The Hunt for Red October: Privileged Accounts Persist as Common Attack Vector
January 22, 2013 | Uncategorized | John Worrall
by John Worrall
Last week, another significant and advanced cyber-attack has caught the security headlines for all of the right—and wrong—reasons. The attack was first uncovered by researchers at Kaspersky Lab who identified what they described as a “high-level cyber-espionage campaign” that has infiltrated networks at diplomatic, governmental and scientific research organizations over the past five years. While the target of the attack, dubbed Red October, may be reminiscent of other noteworthy breaches, including Stuxnet and Flame, the campaign is, in essence, a malware-based external breach and espionage platform that siphons data from mobile devices, PCs, and network hardware. Once inside the enterprise, the attackers could scan across the network and exploit vulnerabilities, including those accessible with administrative credentials and/or default passwords.
While the attack is primarily gaining publicity due to its apparently sophisticated and deliberate cyber espionage initiative against government and diplomatic organizations, the virus is another example of the industry’s fascination with custom malware that can be used to bypass the enterprise perimeter and steal sensitive data. In the case of Red October, the attack penetrates the perimeter and gathers intelligence from both traditional attack targets (workstations), as well as other network-connected devices including smartphones, network equipment configuration software and removable disk drives.
What the media—and the industry—continues to overlook, however, is the common pathway between these external attacks and the stolen data. While cyber espionage, malware attacks and proactive perimeter security measures may gain more intrigue, the real issue is that once inside, attackers immediately target privileged accounts to gain widespread access to the rest of the network.
Examining Red October further, it’s clear that this attack is no different than others—including Stuxnet and Flame—that targeted and leveraged privileged accounts. In this case, once inside the networks of their government targets, the Red October perpetrators were able to move around the network as if they were a privileged employee and uncover additional vulnerabilities to exploit by accessing admin credentials retrieved from malware-infected databases and systems. Once these credentials are stolen, attackers can take things to the next level by reusing them in later attacks by guessing similar passwords and network credentials in other locations. This should come as no surprise—although they serve as the gateway to an organization’s most sensitive data, privileged accounts are often protected by weak passwords, which are seldom replaced.
So while news will continue to detail the ramifications of Red October, it is important to note that we have been here before.
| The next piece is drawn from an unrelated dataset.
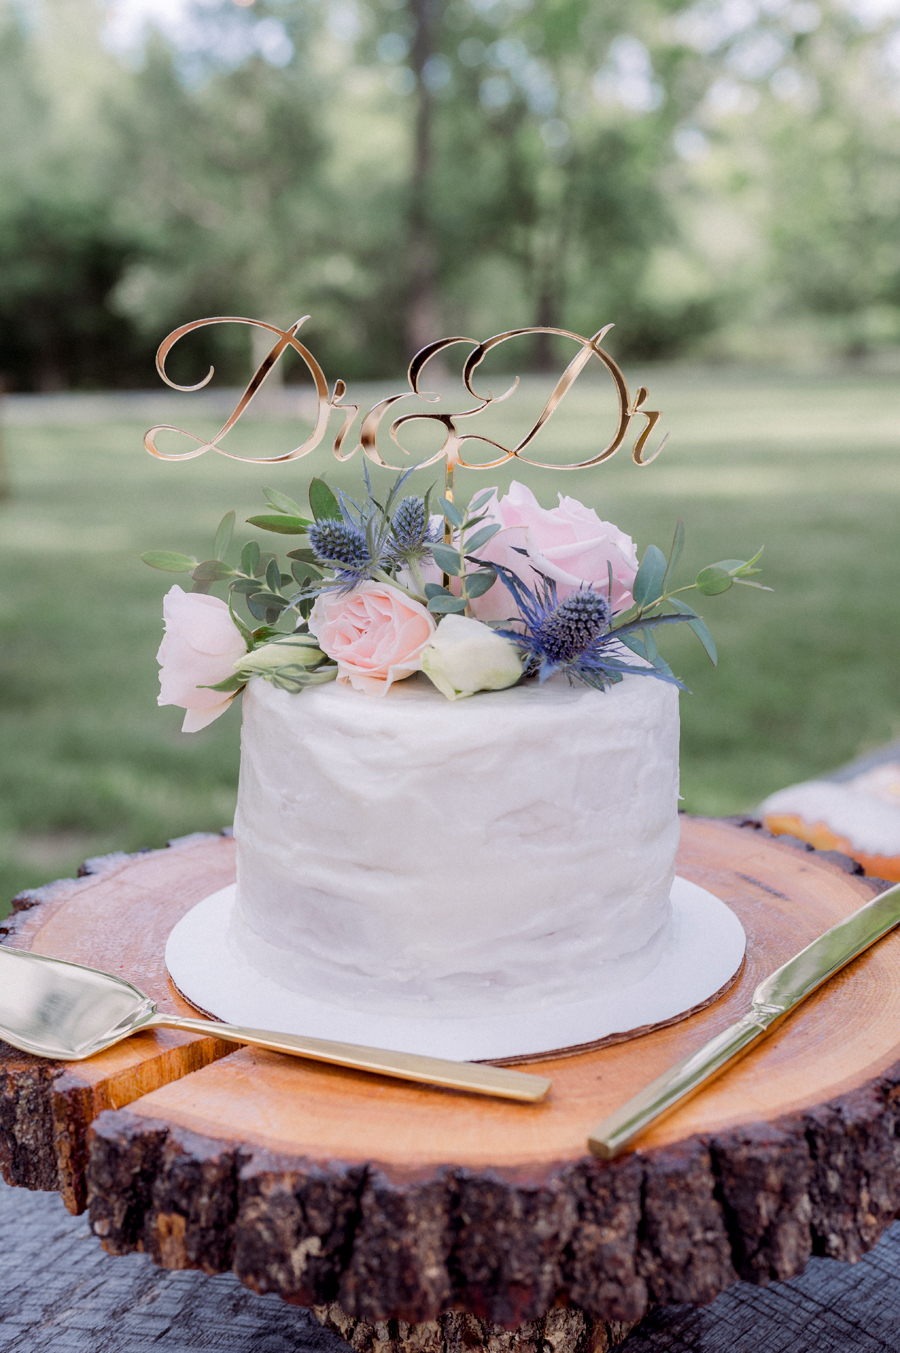 Reception details at a Missouri wedding at Wildcliff Weddings and Events.

Saudi Aramco. Subway Restaurants. Global Payments. US Chamber of Commerce. The list goes on, and will continue to go, if organizations continue to fail to recognize the importance of locking down and securing these privileged access points. Ultimately, it is a new approach to security – starting on the inside and working out, but it is an imperative. Rather than focusing on firewalls or perimeter security, organizations need to prioritize the identification, monitoring and management of privileged accounts.
It may be bad news for headline writers, but this approach will block hackers from gaining the true spoils they desire—sensitive corporate and government data accessible only through privileged accounts.